Thanks MadHouse! I have a human scale I could use if someone needs their weight watched - that should work.

As for selenium and vitamin E, I was planning on using the Replamin Plus gel I already have. That has selenium, vitamin E, plus a bunch of other vitamins and minerals, so I figured that would do. What do you think?


----------



## MadHouse (Oct 3, 2019)

Feira426 said:


> Quick question - I got some unwaxed dental floss because I saw it on several kidding supply lists, but I've not used it before and honestly I wasn't sure what it was for, except that it had something to do with umbilical cords.
> 
> So I've been looking into it today, and I guess people use it to tie a bleeding cord, but it looks like a lot of people don't recommend using it at all. What are your thoughts? If anyone can give me some advice here I'd appreciate it! Should I keep it in my kidding kit? Replace it with something else?

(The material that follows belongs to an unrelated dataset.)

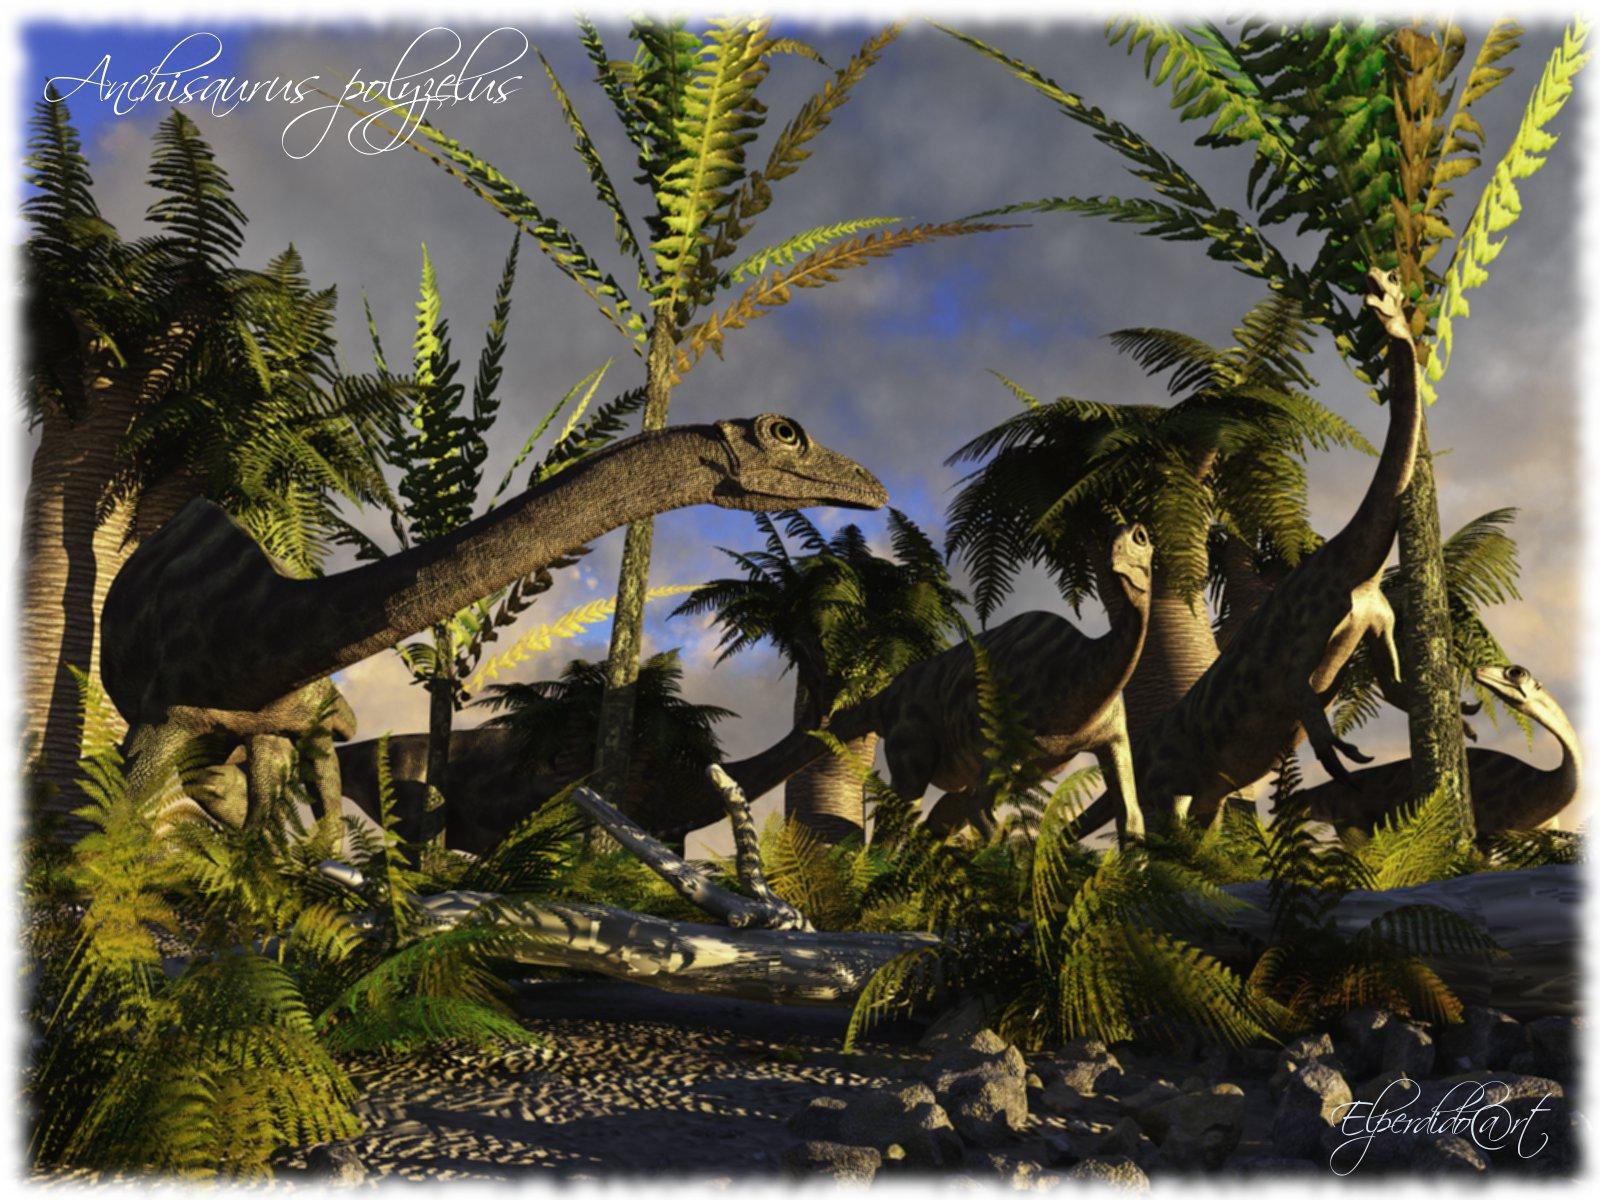 Anchisaurus polyzelus by Elperdido1965

I have not tied or cut an umbilical cord. Just dipped. But I only had two kiddings. I read you only need to cut it if it touches the ground.
Maybe someone else more experienced will chime in.


----------



## MadHouse (Oct 3, 2019)

Feira426 said:


> Thanks MadHouse! I have a human scale I could use if someone needs their weight watched - that should work.
> 
> As for selenium and vitamin E, I was planning on using the Replamin Plus gel I already have. That has selenium, vitamin E, plus a bunch of other vitamins and minerals, so I figured that would do. What do you think?


I don't know!
Maybe @GoofyGoat or @happybleats can tell you.


----------



## Feira426 (Dec 11, 2019)

I think you’re right - I’ve never cut or tied one before either, lol. But if I understand right you cut long ones so they don’t drag through the mud so much or get caught on stuff, and you tie them if they’re bleeding a lot? I think... 

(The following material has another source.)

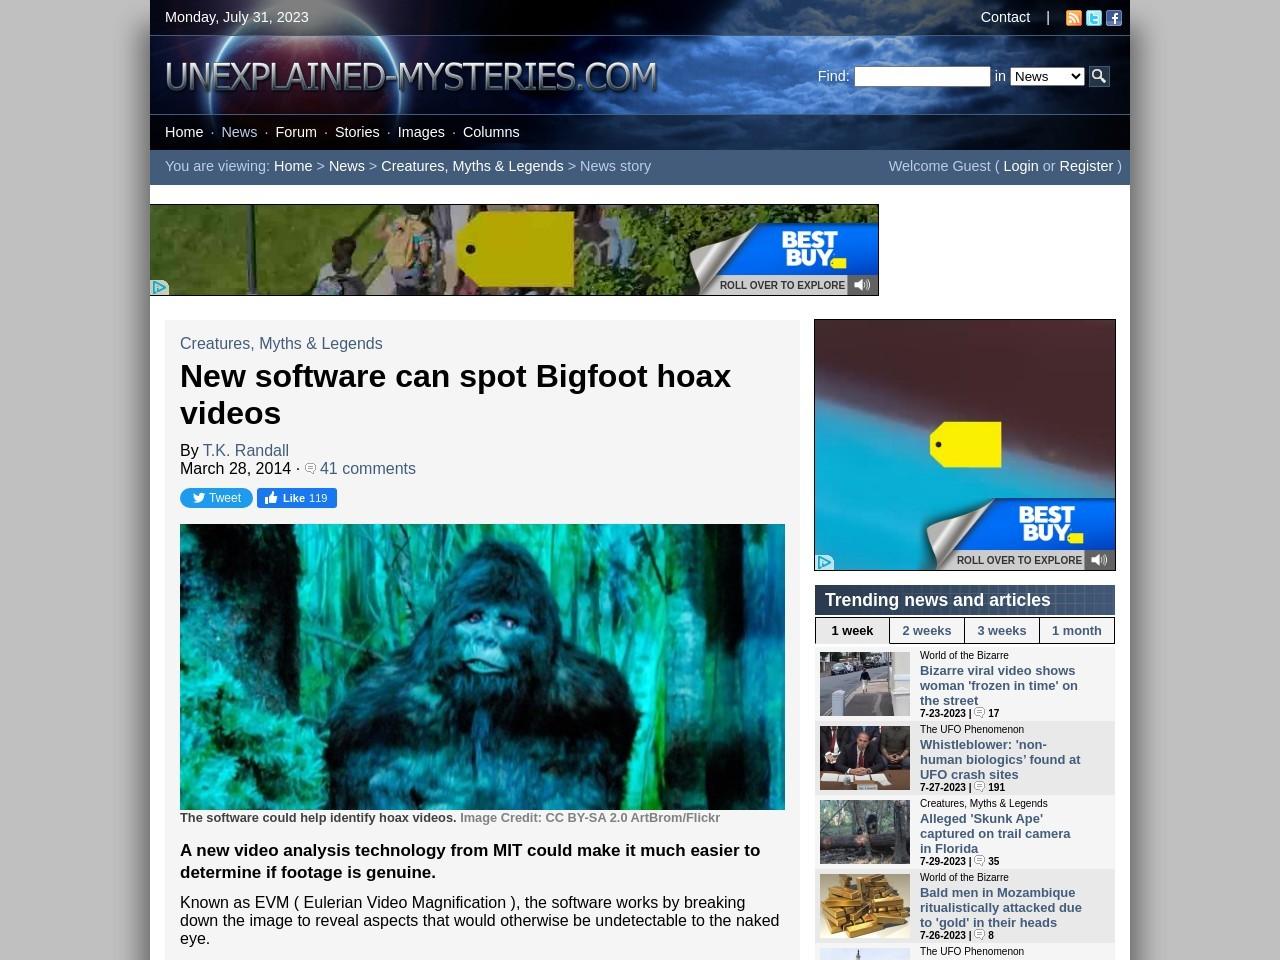 New software can spot Bigfoot hoax videos

Probably won’t have to do either but I want to be more prepared this time just in case!

And I’ll do some more looking at the Replamin thing. I know I saw someone somewhere talking about giving kids a tiny bit of Replamin, but I didn’t write anything down and that’s all I can remember.


----------



## GoofyGoat (Sep 21, 2018)

Banamine is 1cc per 100 lbs. only use it if temp is within normal limits or above (101.5-103.5F) don’t go over make sure you have an accurate weight. Also don’t use until after the placentas dropped.

You can give the kids a pea sized drop of Replamin instead of selenium vitamin e gel or BoSe. Make sure you give an extra e capsule squirted in their mouth

The floss is to tie off a long cord if it’s bleeding profusely. The problem is it can cut through the cord. If you use it tie it at least an inch away from the belly and still dip a couple times in iodine to dry it out.
Looks like you’re ready to go except for one thing...your camera! You need to take lots of pictures!


----------



## Feira426 (Dec 11, 2019)

Oh!! That reminds me, I meant to bring out a tripod. My camera is in my phone so that’s usually somewhere nearby. But I want to put up a tripod maybe to record the births. I’ll grab that now while I’m thinking about it!

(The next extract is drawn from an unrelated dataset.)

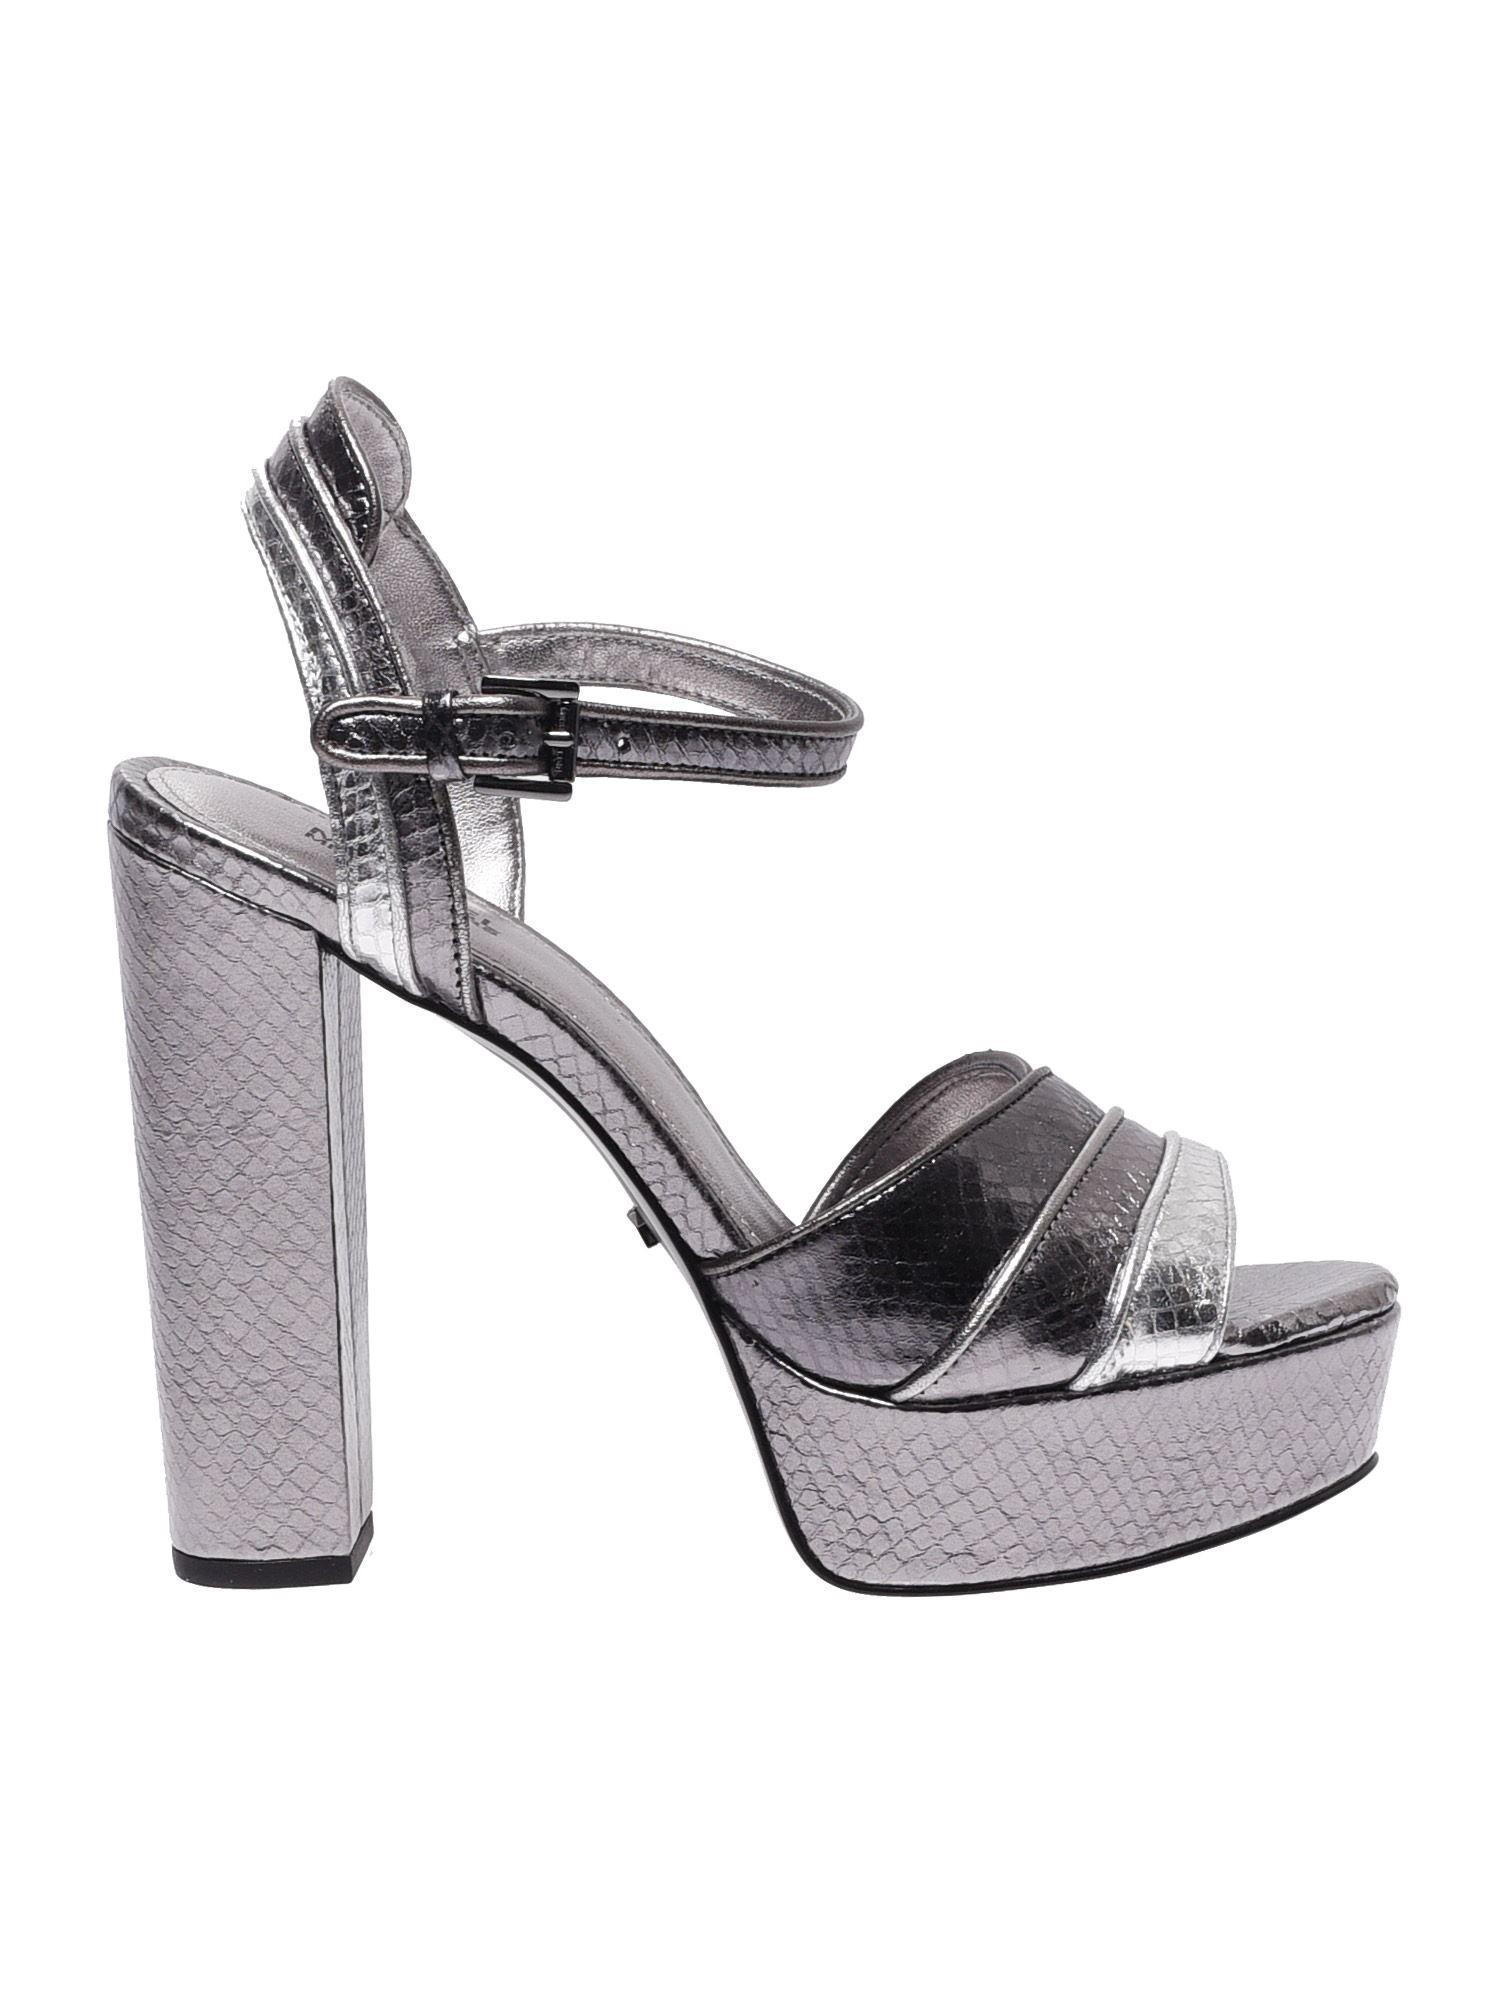 881c6fb9afe8 Lyst - Michael Kors Harper Platform Sandals In Silver Leather in ...

Thanks for all the info, GoofyGoat. I’ll make sure I double and triple check the weight before giving any Banamine. 

I just saw your post about your new doeling - she’s gorgeous!!!


----------



## GoofyGoat (Sep 21, 2018)

Feira426 said:


> Oh!! That reminds me, I meant to bring out a tripod. My camera is in my phone so that's usually somewhere nearby. But I want to put up a tripod maybe to record the births. I'll grab that now while I'm thinking about it!
> 
> Thanks for all the info, GoofyGoat. I'll make sure I double and triple check the weight before giving any Banamine.
> 
> I just saw your post about your new doeling - she's gorgeous!!!


Thanks  you have my number right?


----------



## MellonFriend (Aug 8, 2017)

Make sure you have enough towels. I was shocked at how many towels I used. I would like at least three bath sized towels per baby, of course my girls liked to go in the cold night, so I needed to make sure that they were really dry. 

Sounds like you are well prepared! (thumbup)


----------



## GoofyGoat (Sep 21, 2018)

MellonFriend said:


> Make sure you have enough towels. I was shocked at how many towels I used. I would like at least three bath sized towels per baby, of course my girls liked to go in the cold night, so I needed to make sure that they were really dry.
> 
> Sounds like you are well prepared! (thumbup)


I keep a small hairdryer in my kit it saves the laundry...lol, less to pick hay, straw and shavings out of.
I never realized how much bedding worked it's way into everything...it was driving me nuts so I went with dog pads and a blow dryer after the initial Towel rubdown. Much easier for me.


----------



## Feira426 (Dec 11, 2019)

I do have a long extension cord temporarily run to the girls’ shelter (left over from the great cold snap), so I could potentially use a hairdryer if necessary. I’ll bear that in mind!


----------



## Feira426 (Dec 11, 2019)

I had to share this! Mika and Suki's half-sister Feather (I sold her last year to a nice family who wanted to add to their small backyard milk herd) kidded twins unassisted sometime last night when everyone was asleep! She was bred last fall to our buck Murphy - so these are his very first kids to hit the ground!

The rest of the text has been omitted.